Data provided:

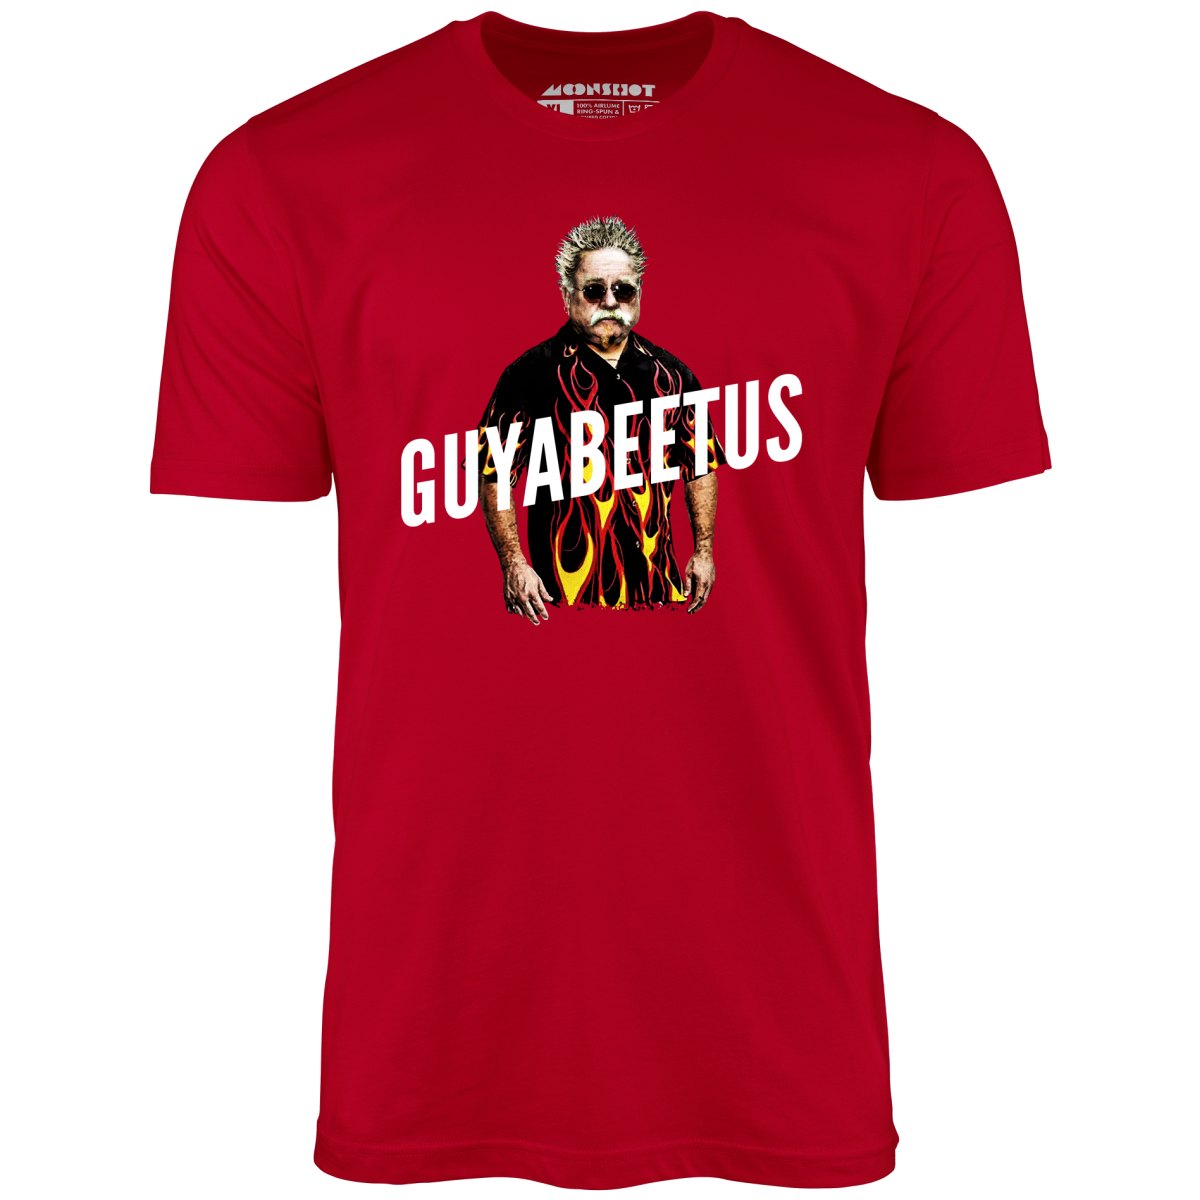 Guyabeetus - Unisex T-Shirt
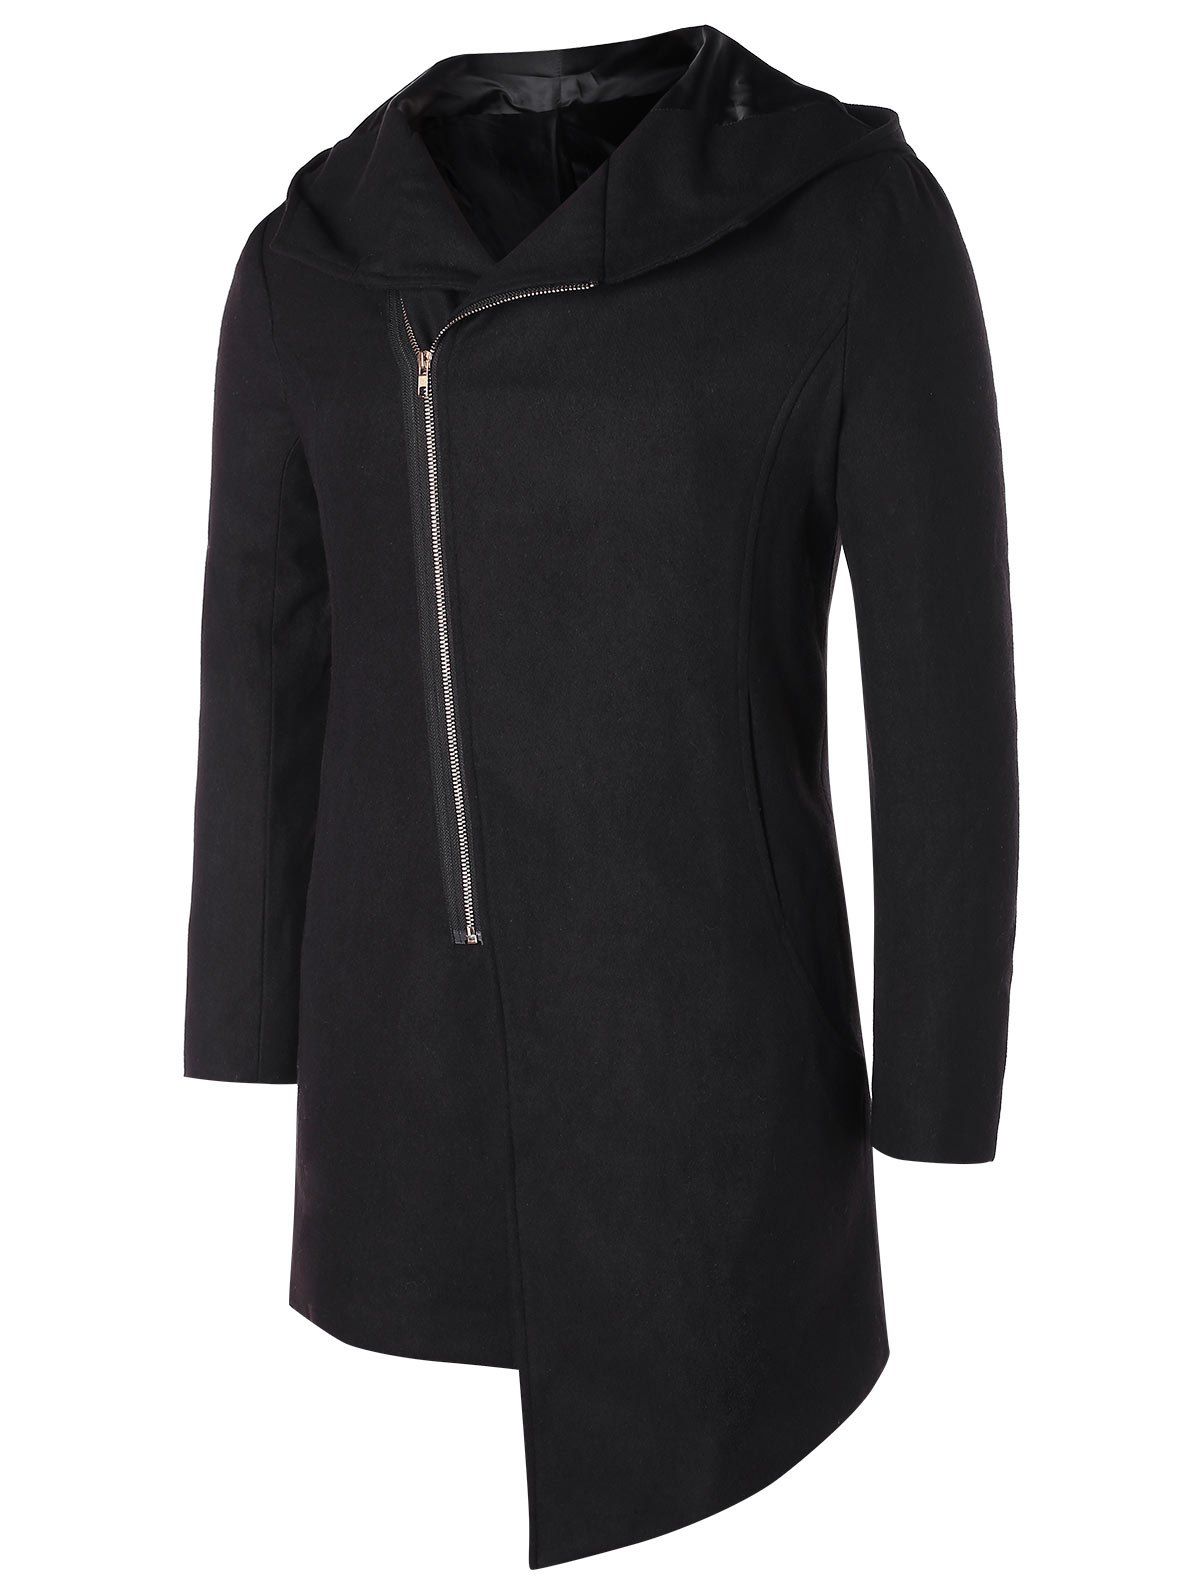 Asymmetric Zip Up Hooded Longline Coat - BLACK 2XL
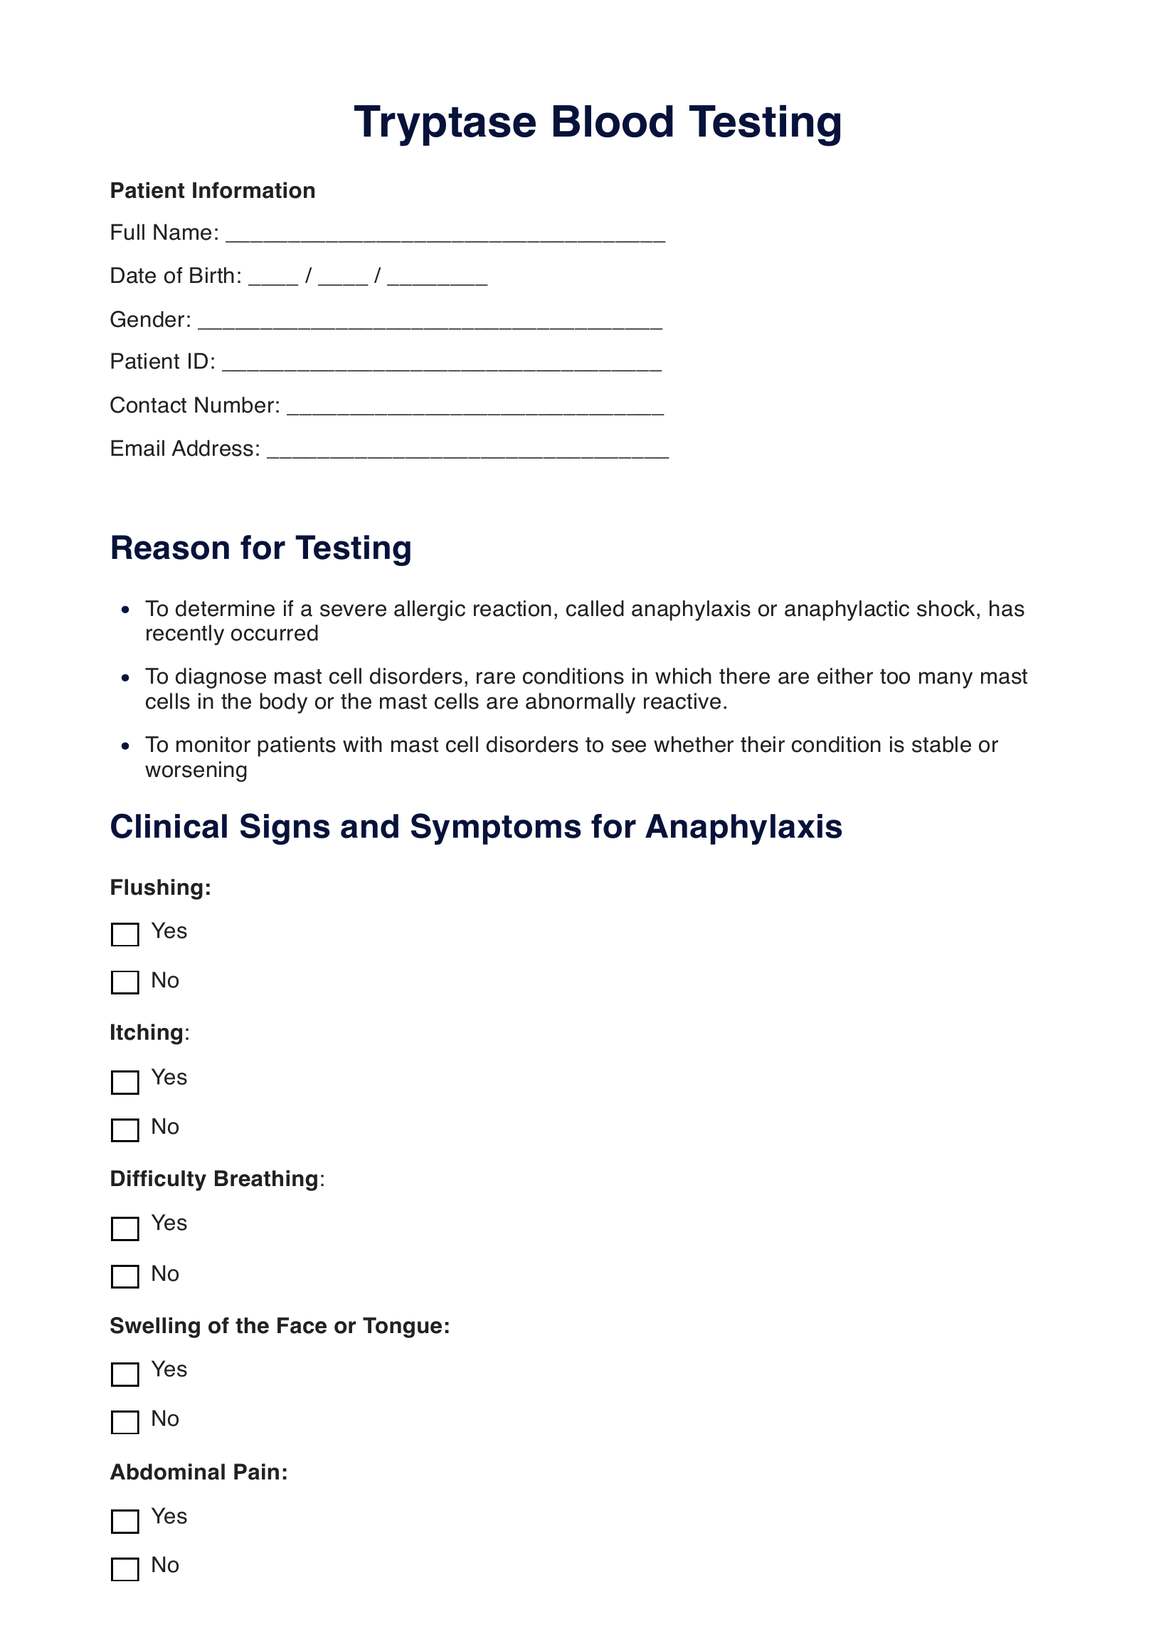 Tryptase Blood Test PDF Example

To do: Every line from the one holding "Asymmetric Zip Up" through the final line of the data above is to be reproduced exactly, both ends included, with the pictures left out.

Result of the task:
 Asymmetric Zip Up Hooded Longline Coat - BLACK 2XL
 Tryptase Blood Test PDF Example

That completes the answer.